──────── Given data
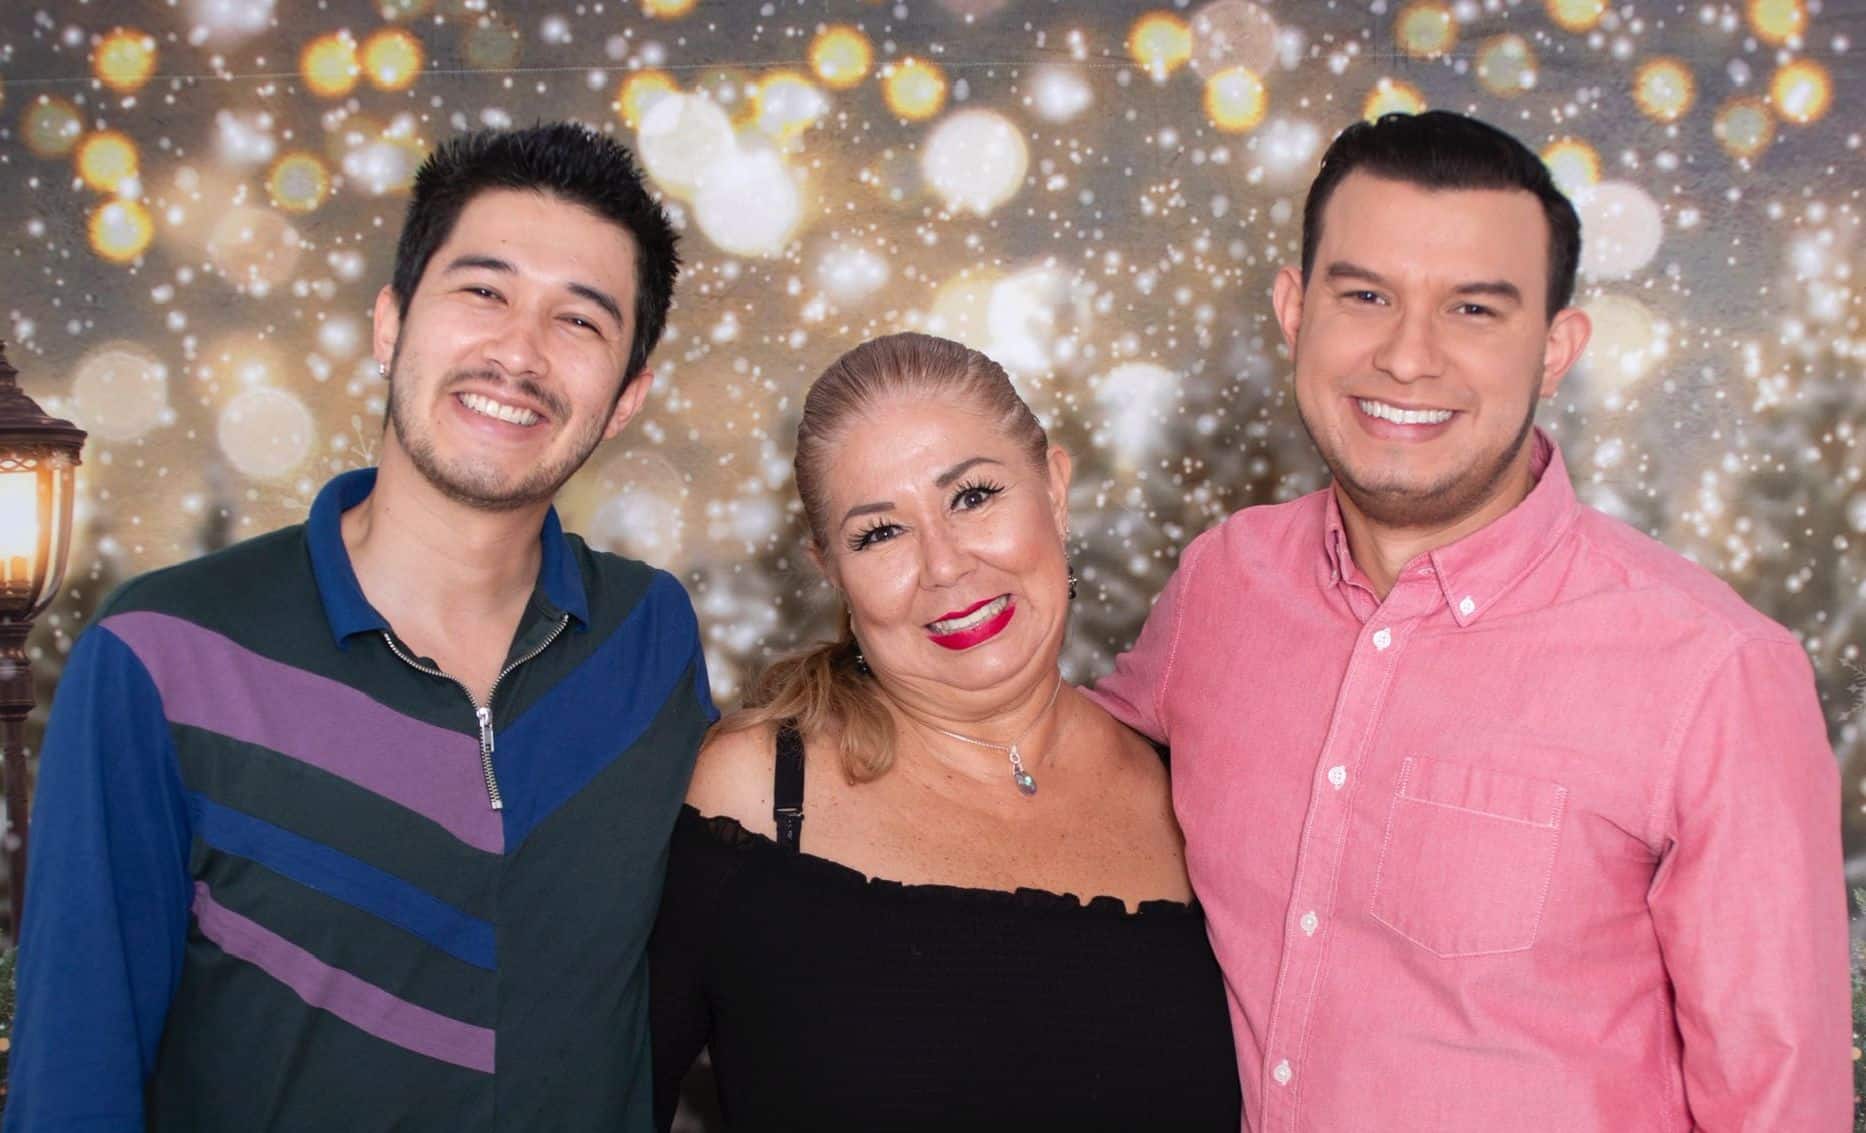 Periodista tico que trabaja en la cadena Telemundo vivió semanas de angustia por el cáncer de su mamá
────────────────
──────── Given data
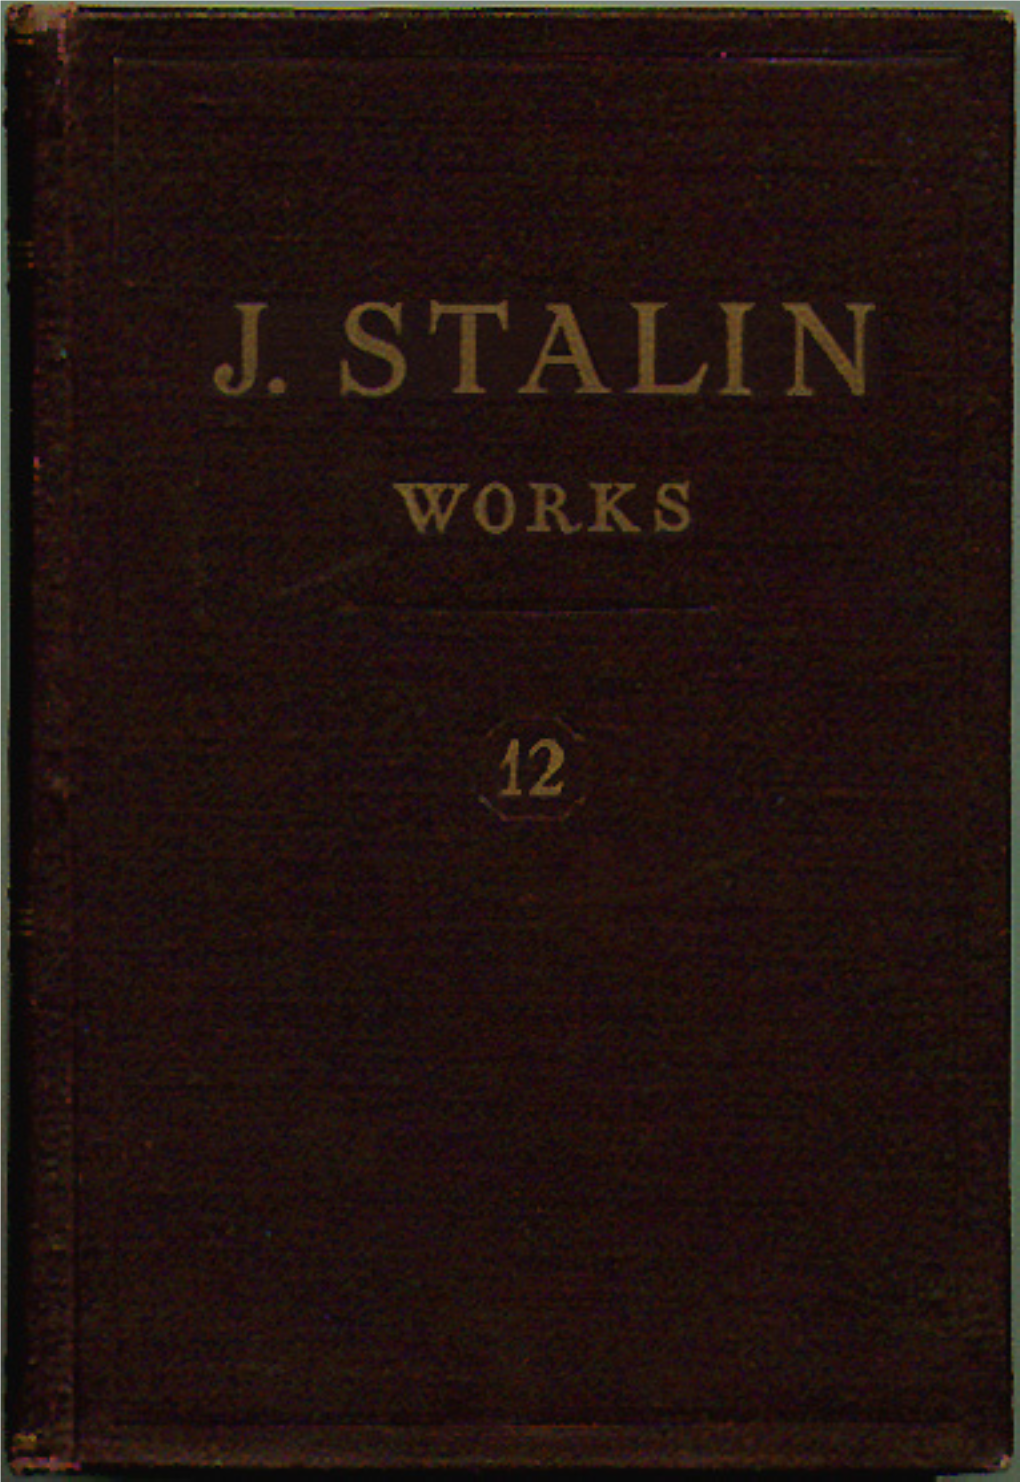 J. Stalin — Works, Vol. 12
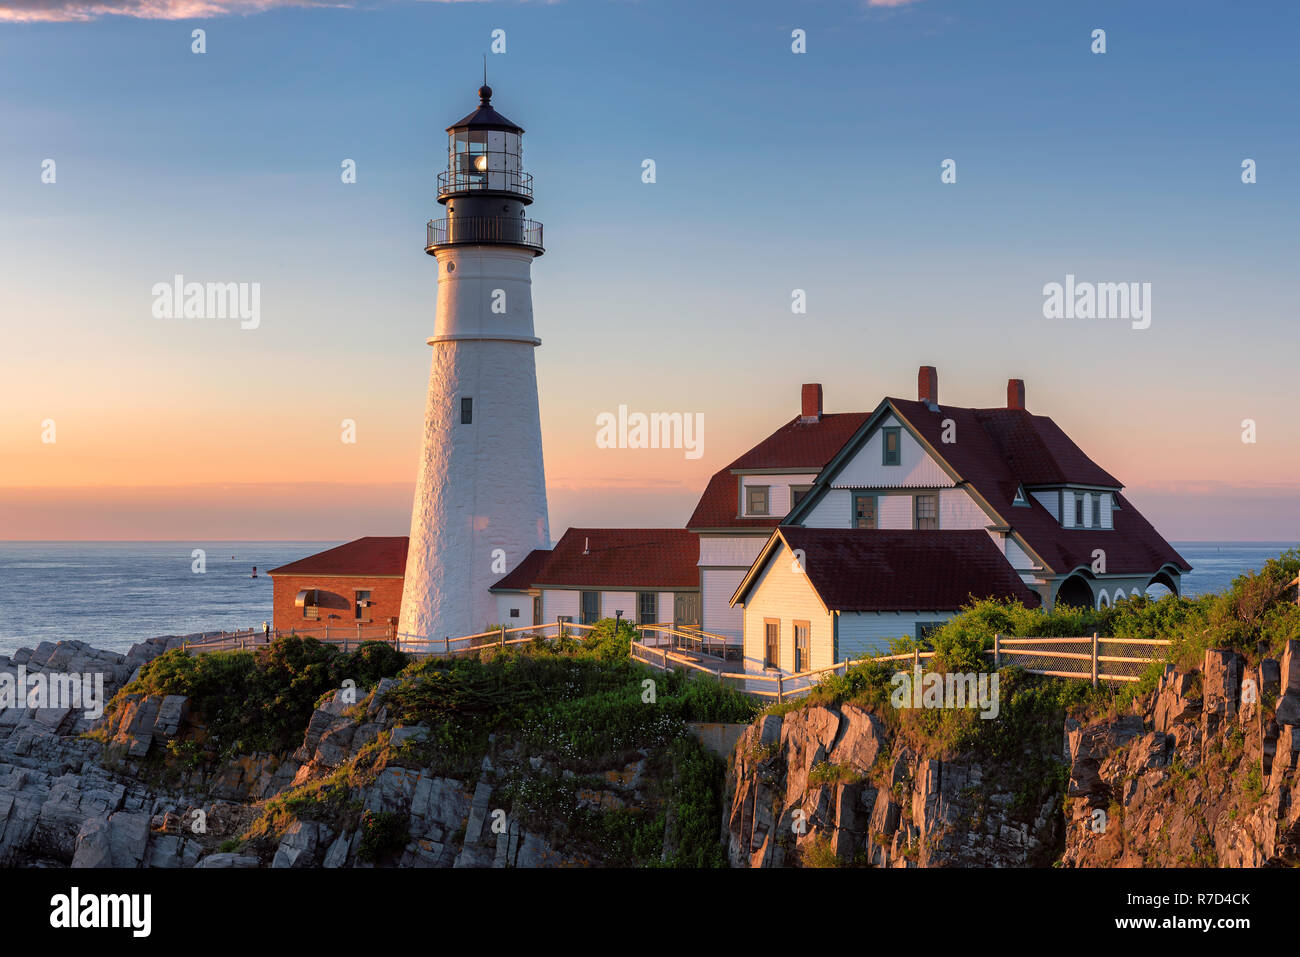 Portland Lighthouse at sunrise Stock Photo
────────────────
▸ What to do: Starting at the line with "J. Stalin — Works, Vol. 12" and finishing at the line with "Portland Lighthouse at sunrise Stock Photo", copy the material above exactly, both lines included. Nothing else goes in, and no pictures.

▸ Reply:
 J. Stalin — Works, Vol. 12
 Portland Lighthouse at sunrise Stock Photo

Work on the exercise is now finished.